Everyone started getting feather quilts and wooden blocks to use as pillows from boxes along one wall so I figured that it was bedtime. Looked like it was going to be one huge slumber party in which everyone slept on the floor. I got two of the quilts but passed up the wooden block. I put one quilt on the floor to lay on and was going to cover with the other one. A little Japanese woman rushed over and snatched the extra one away, scolding me like a mother hen correcting her chicks. I figured that I must have committed a social blunder equal to pissing in the communal bath. The lights were turned out and I fell asleep to a symphony of bodily noises.

It was barely light enough to see the next morning when I was awaken by a strange reedy sounding whistle, playing the same five notes over and over. People began to stir and I asked a lady who I had found could speak English what was going on. "Noodle man," she said. "Why is he here at five in the morning?" I asked. "That's when people buy noodles." "Why do they buy noodles at five in the morning?" "Because that's when the noodle man comes."

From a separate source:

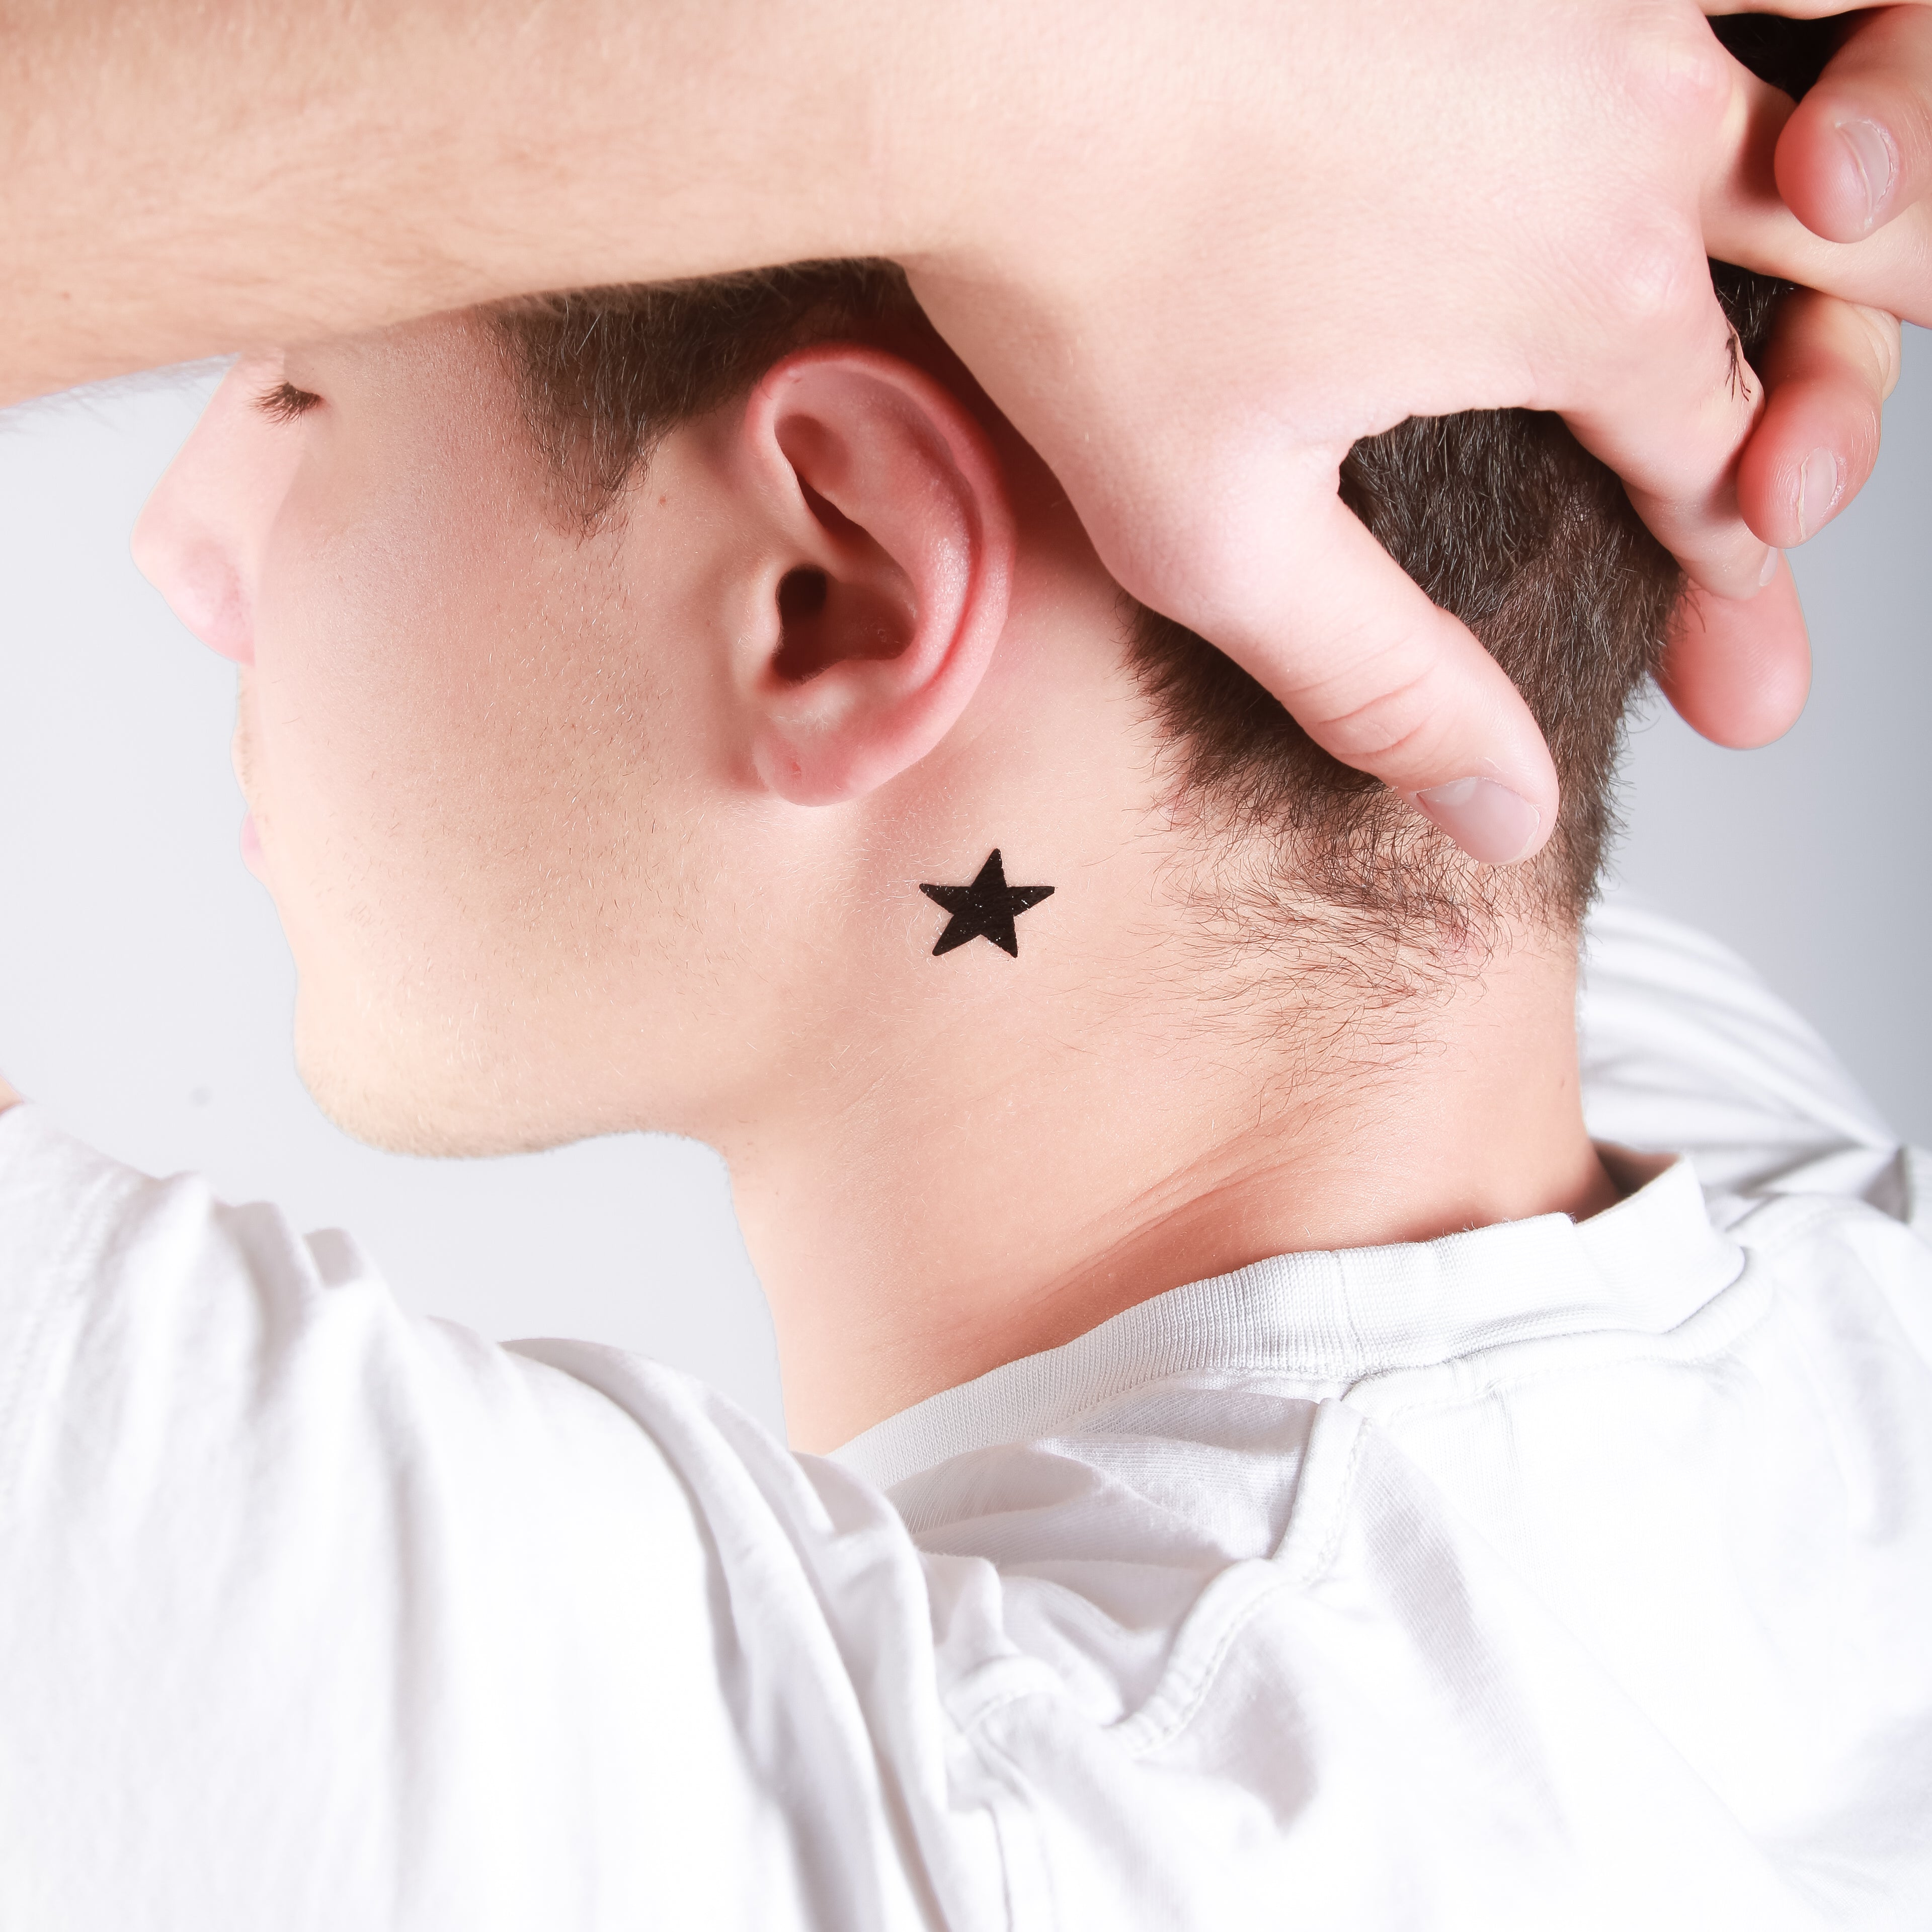 14 Behind the Ear Tattoo Ideas That Are Creative and Cool

I wasn't about to go through that who's on first thing again so I got up. The lady who snatched my extra quilt was taking the money and handing everyone a bowl. The big guy who did the Houdini thing with the money box the night before filled our bowls with noodles. That certainly wasn't ham, eggs and hashbrowns and I would have killed for a cup of coffee. Oh, well. You take what you can get.

Signs in Japanese pointed the way to the trail down the mountain and we set out without the benefit of prayers, guides or even a tour leader. I suppose they figured they had extracted all the money possible and we could get down on our own. Just before we reached the busses, I could see the other trail through the trees and a new bunch of marks were on their way up the mountain. It occurred to me that the guy at the hotel had failed to give me the full saying, "There is no fool greater than the man who has not climbed Fujiama -- unless it's the one who has climbed it twice."